Retype the listing below line for line, but only from the line with "LG zasilacz ładowarka" down to the line with "Dennis Ellefson Hot", inclusive. Pictures stay out.

[[ STUDY MATERIAL open ]]

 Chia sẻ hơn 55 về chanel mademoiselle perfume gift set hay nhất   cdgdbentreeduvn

[[ STUDY MATERIAL closed ]]
[[ STUDY MATERIAL open ]]

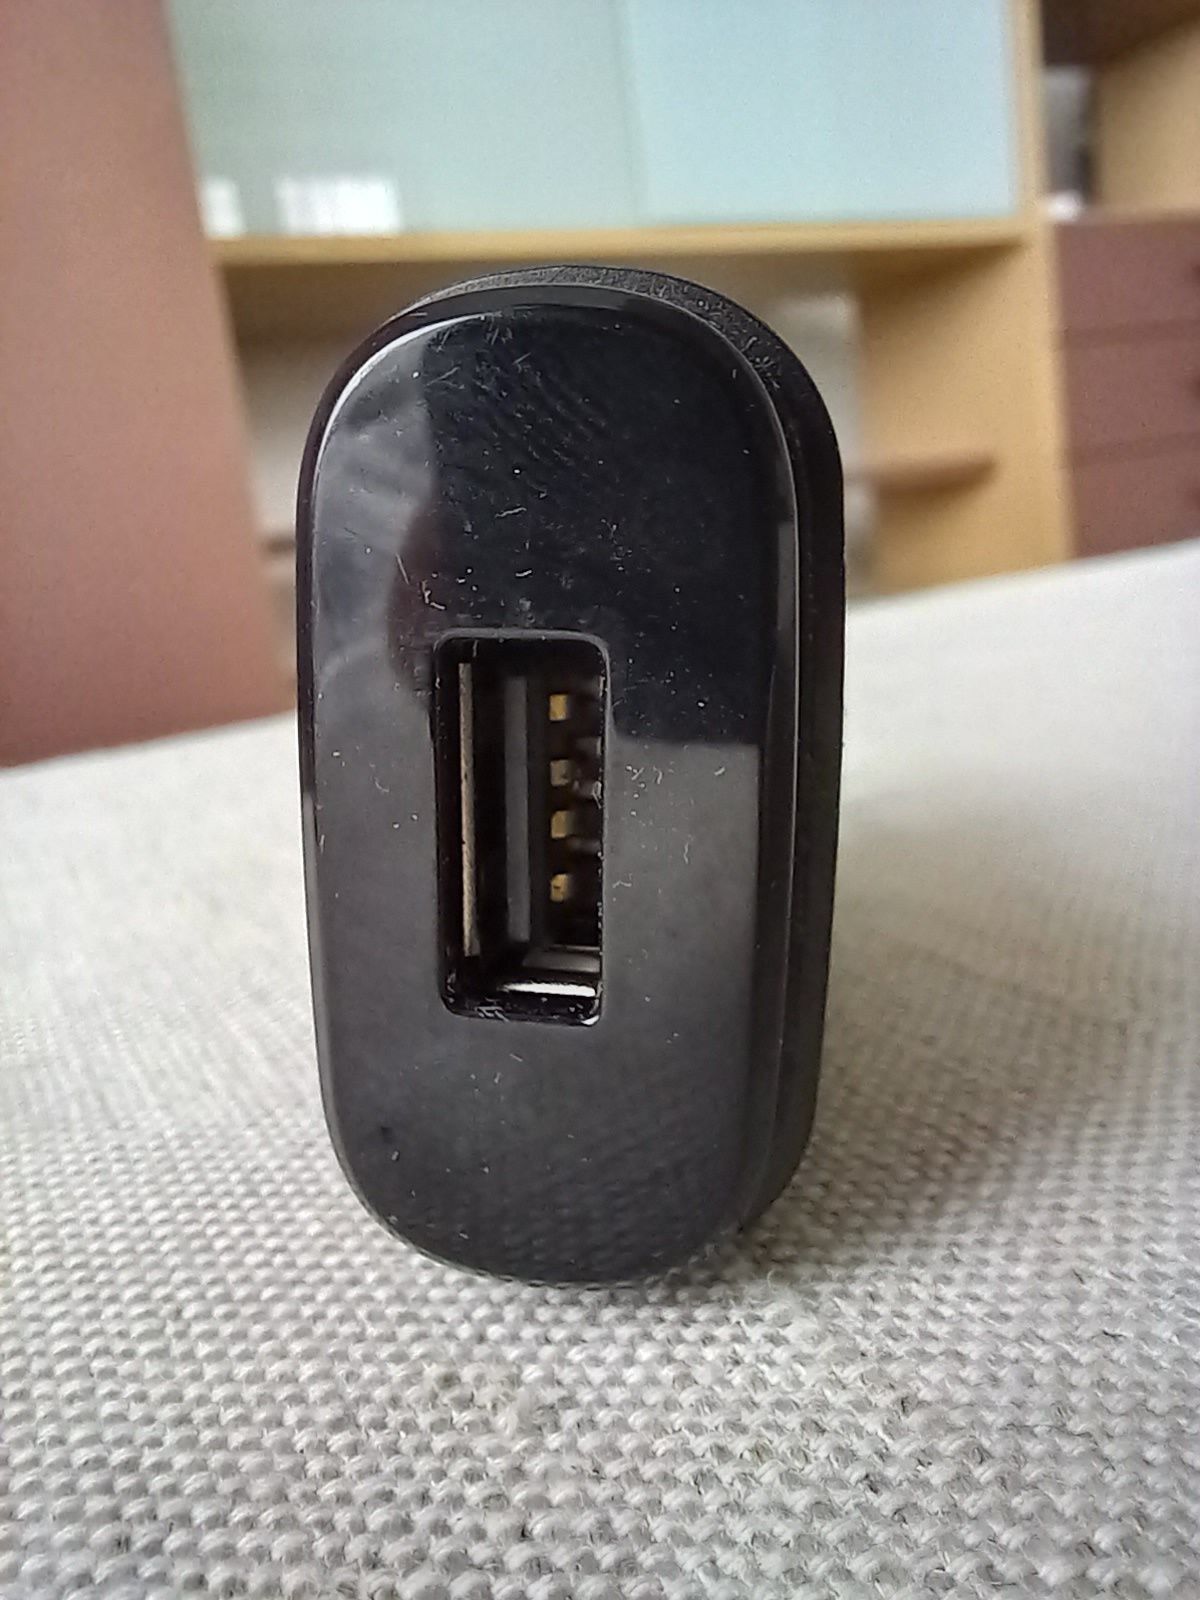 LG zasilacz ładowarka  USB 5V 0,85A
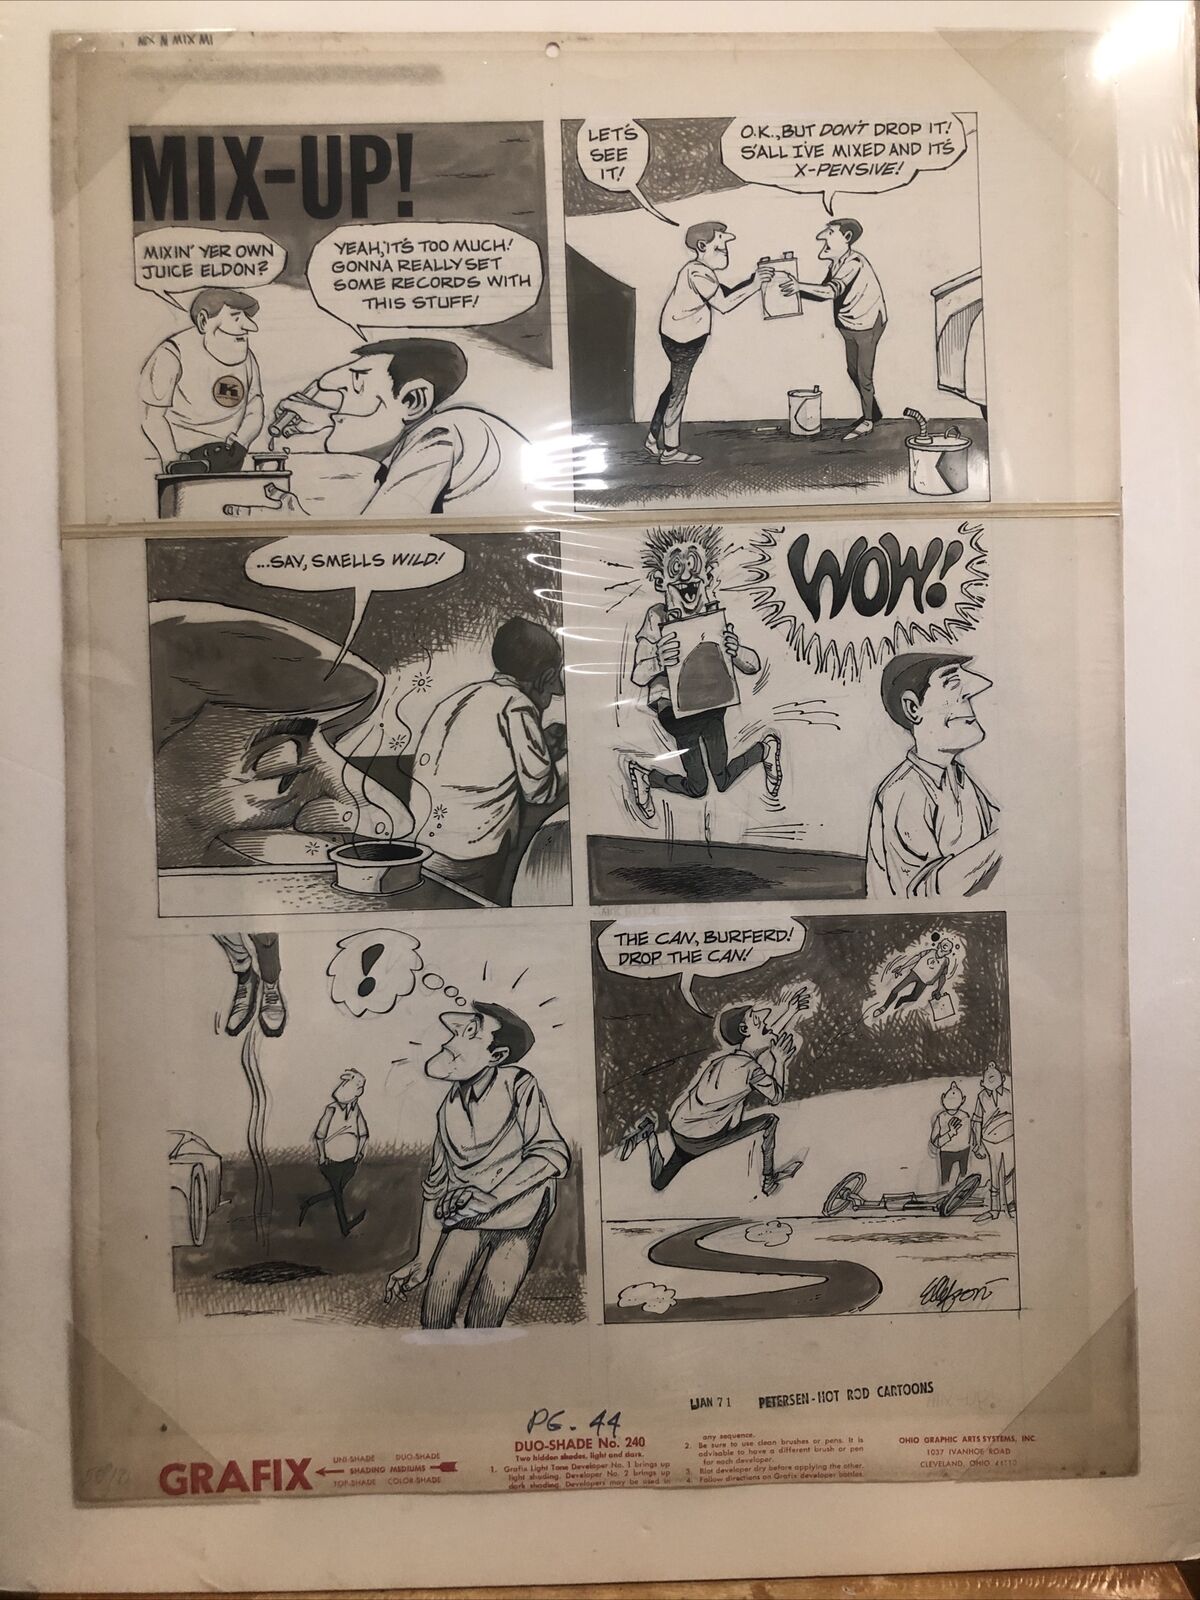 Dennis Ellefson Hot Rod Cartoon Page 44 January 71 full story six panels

[[ STUDY MATERIAL closed ]]
[[ STUDY MATERIAL open ]]

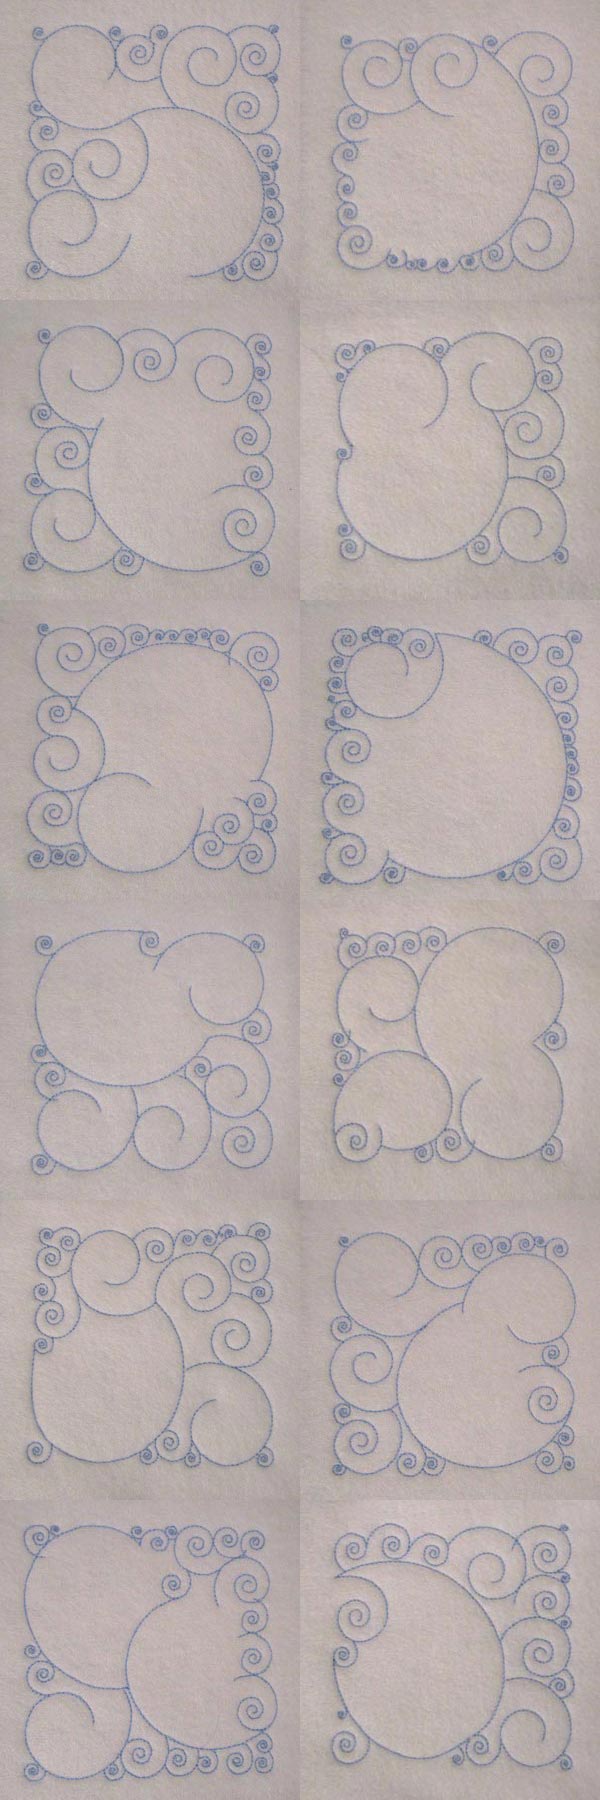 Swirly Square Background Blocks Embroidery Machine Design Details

[[ STUDY MATERIAL closed ]]

→ **SOLUTION FOR THIS TASK**:
 LG zasilacz ładowarka  USB 5V 0,85A
 Dennis Ellefson Hot Rod Cartoon Page 44 January 71 full story six panels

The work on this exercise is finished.